When I was a 2-year-old who broke her leg, my mom was a pretty good “friend” bringing me to the hospital to get an X-ray. When I was about the same age, my dad was a cool “friend” when he put me in his bike basket and rode around hiking trails.
When I was about 6 years old and thinking about playing sports, my parents were good friends and told me to pick the one I liked the most. When I was in high school, my parents helped me study, took me to soccer practice and gave me advice on the struggles of growing up. When I got to college, my parents had my first beer with me.
Our friendship has developed over time, but this is what should happen to all great friendships.
Of course, I'm not advocating that other kinds of friends should literally raise each other and provide a house and all food and financial means to a friend as a parent does, but aren't we always trying to help our friends get what they need when we can?

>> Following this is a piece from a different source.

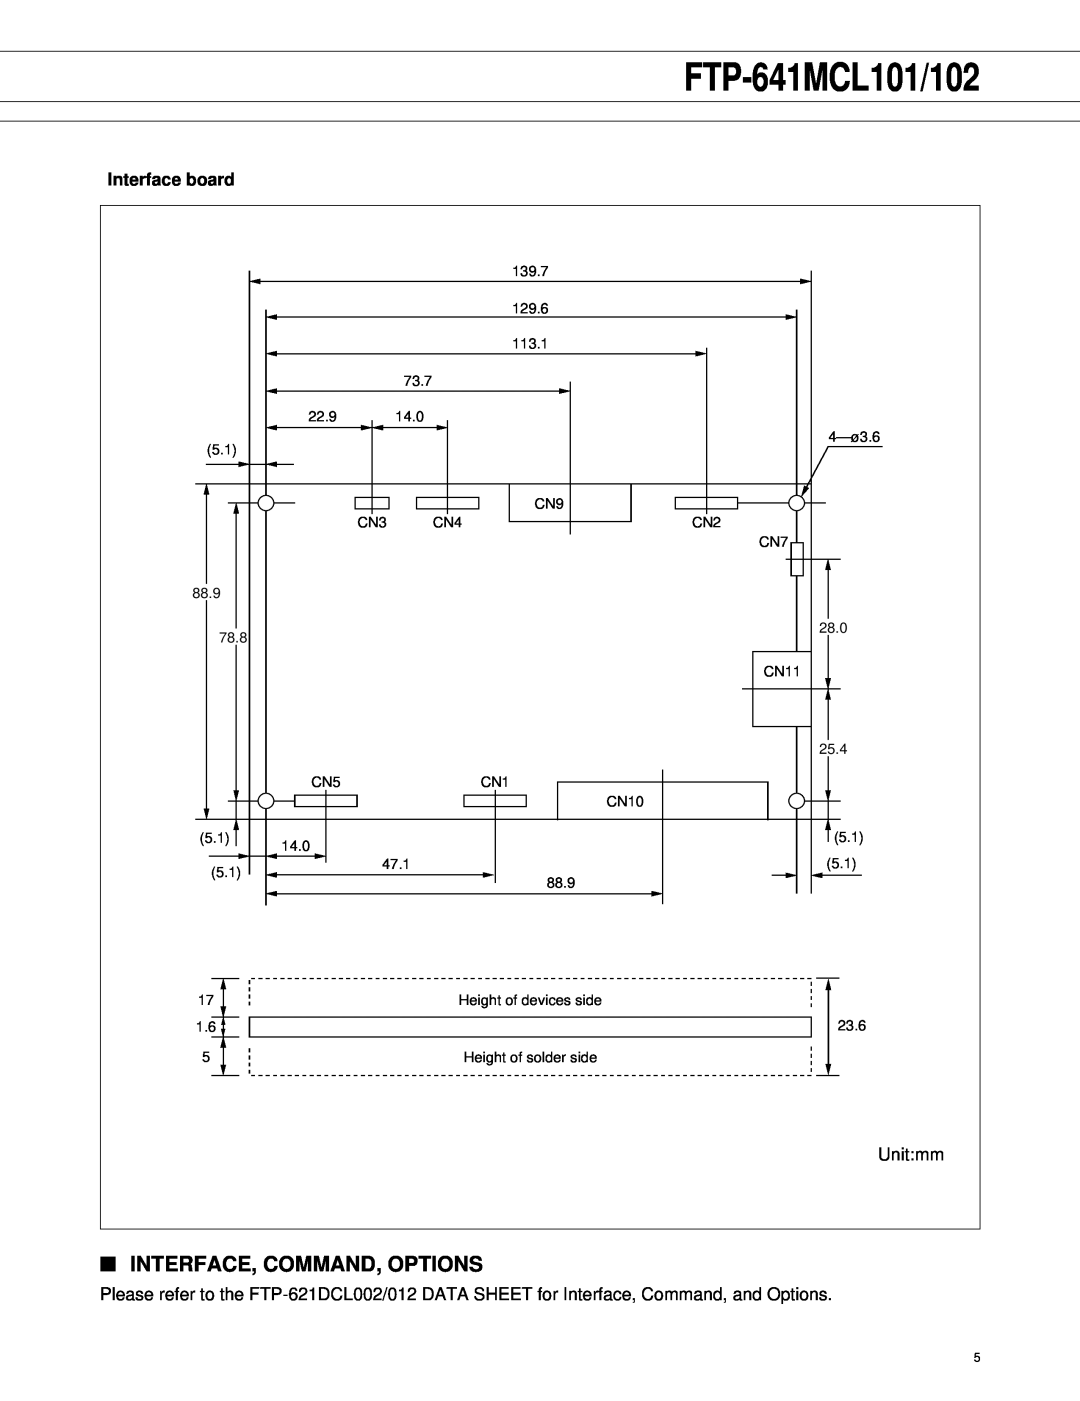 Fujitsu FTP-641MCL101/102 manual Interface, Command, Options, Interface board

Think about it: Your parents should be the ones who will listen to you brag about your accomplishments and hear you complain incessantly and not get annoyed and walk away or think you're being a jerk.
They can be just as excited for you as you are when you're in a really strong relationship or get a good grade, and they won't get jealous about these things because really, a huge part of their lives should be about making sure you're as happy as possible.
They shouldn't mind hearing you complain about stupid stuff, like how you're hungry at work and forgot lunch. The same goes for serious matters, too, like feelings of depression or pain that you might not feel comfortable telling someone else.
These are things that parents should and can be if you want them to be and if they are good parents.
Friends should be more than people to drink with on the weekends and to trash those lame boys who catcalled you on the street. Friends should be more than those people who will go out with you on Friday but might happen to leave you alone when they want to go somewhere else.
Though these are and can be important duties for friends to hold at a certain point in your life, they do not define a “best friend.” Love defines a best friend, and parents should have a whole hell of a lot of that for you.
According to Graham Allen, cited within an article concerning friendship and its philosophical and sociological themes, the social criteria for what makes a friend isn't as concrete as we might think it is.
Aristotle talks about friendship as having meeting three aspects:
-Friends must enjoy each other's company.
-They must be useful to one another.
-They must share a common commitment to the good.
For me, all these requirements are satisfied when I think of my parents. They enjoy my company and I theirs. They are always working to improve my life and provide the best for me.
Though we're not curing cancer or anything to find that advanced level of good for humanity, I think our example is a commitment to the kind of dedications friends and people should have to each other.
I don't expect everyone to feel the same way about his or her parents. You and your parents might not get along, and they may not provide the same kind of support to you as mine do for me. I know I am very lucky.
Still, demand more from your friendships. Your BEST friend should care about you in a real way, and should always want you to be the best you can be, and more.